First Person (Madeline Sun):
FIVE MINUTES EARLIER
My God. I am NEVER EVER EVER EVER EVER returning to the Ravenclaw common room again. Except of course to sleep, in between classes, to meet up with friends and to sleep of course.
Anyway, those freaking Ravenclaw "smartbutts" gave me a I.M. test.
Like I need a test to prove that I belong in Ravenclaw.
Um... Sunny? said a little voice in the back of my head. It's called an I.Q. test.
Riiiiiiiiiiiiiiiight.
While I was "thinking" about my wonderful first night as a Ravenclaw (note the sarcasm), I absentmindedly piled a bunch of carrots on my plate and stabbed one with a fork before bringing it up for inspection.
"Oh My God." I said talking to the cutest little carrot ever. "YOU'RE ORANGE! Tell me, is it ever weird to be orange?"
"Well, It does get kind of annoying to be made fun of by the other vegetables but, other than that orange is an all around swell color."
What the...
"Who said that!" I asked running my eyes down the table, "I know! It was Mr. Carrot! He must be a teeny, tiny, wittle human stuck on a vegetable! DON'T WORRY MR. CARROT! I'LL GET YOU OUT!"
Poor Mr. Carrot! He's so tiny and defenseless.
"Um... Sunny?" Of course, I turn around to see Lucy staring back at me with a bemused expression on her face. She seems to think that convincing me that there little miniature beings trapped on inanimate objects is funny.
"What's wrong with you! I thought that Mr. Carrot was in some serious danger!"
"Okay... Sunny, how about we take you over to the Gryffindor table to get some food. Preferably something that's not orange?"
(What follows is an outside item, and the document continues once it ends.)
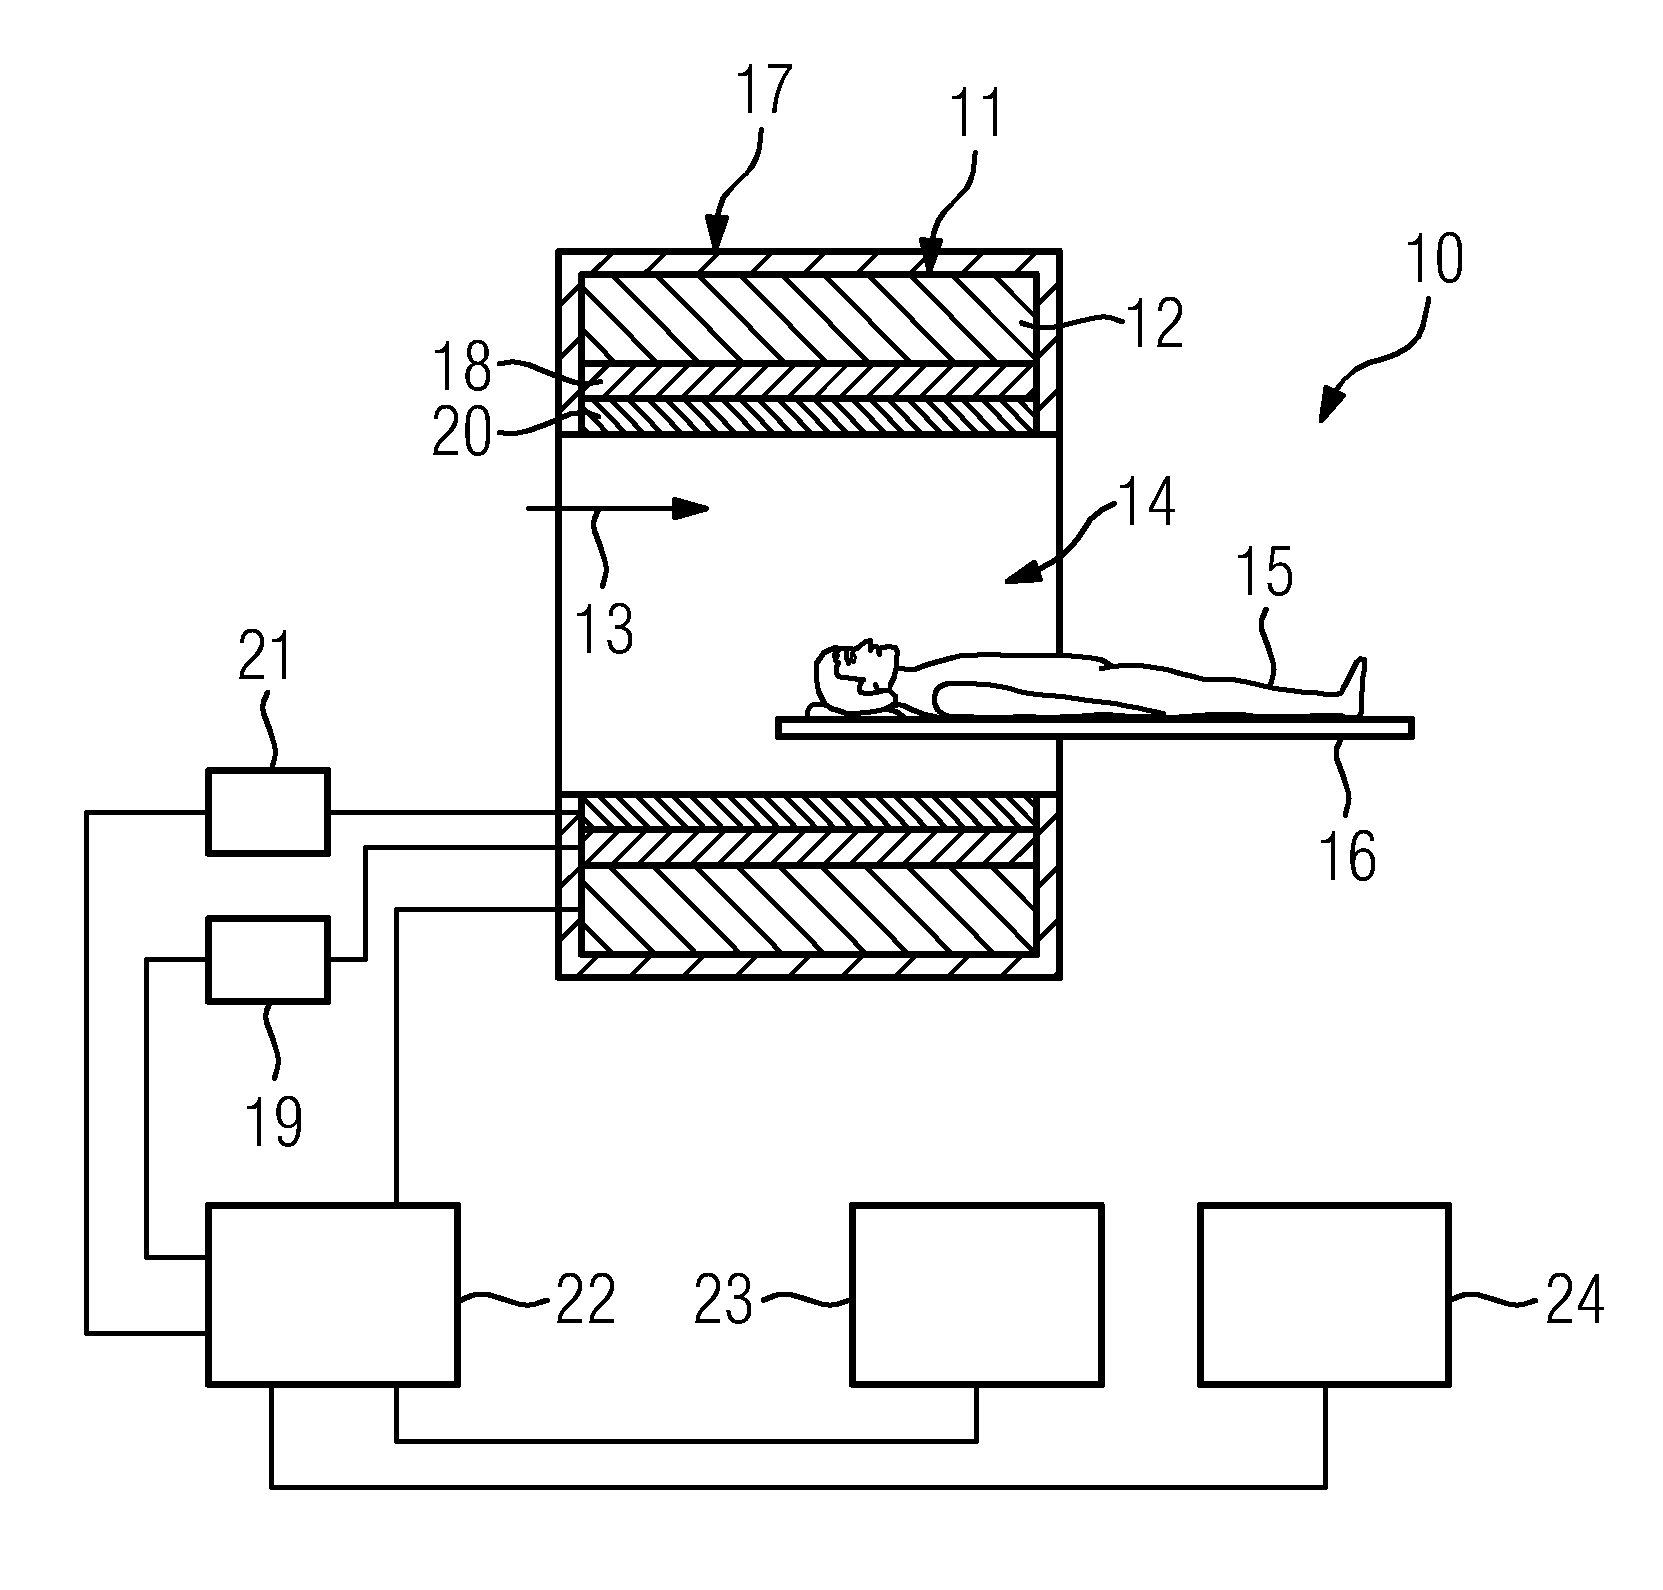 Magnetic resonance apparatus with a noise prevention element and a mold apparatus for producing the noise prevention element

"Alright..." I grumble, being lead grudgingly towards Kiara, This and some of their new friends.
Third Person:
When Sunny and Lucy arrived at the groups unofficial meeting grounds, Lucy launched into a detailed explanation about her new boyfriend.
"He's no Tom Felton, but he's a hott blonde one way or another."
"Who is he? Maybe we know him." Hermione asked looking up from her oatmeal and having a strange feeling of De Ja Vu at the words "hott blonde."
"According to him, everyone knows him. His name's Draco Malfoy."
Harry, Ron, Hermione, Ginny, Neville, Dean, Seamus, Sunny, This, Pennwick and Kiara's mouths' simultaneously dropped.
"Him!" screeched Harry, Ron, Neville, Dean and Seamus.
"You got the only remotely hott Slytherin!" screamed This (Thisbe), Wik (Pennwick), Kir (Kiara), Sunny (Madeline), Ginny and Hermione.
"Yep... to both of them. I think I need an asprin." Lucy replied happily and started to wonder out of the Hall.
"What's an aspirin?" asked Ron.
First Person (Hermione):
Soon Harry, Ron, Sunny, Kir, This, and I were standing out in the Entrance Hall, watching Lucy gulp down a rather large cup of water with that aspirin.
"So..." I said. Awkward silence. Why do so many of those happen when I'm around? "When is our first class?"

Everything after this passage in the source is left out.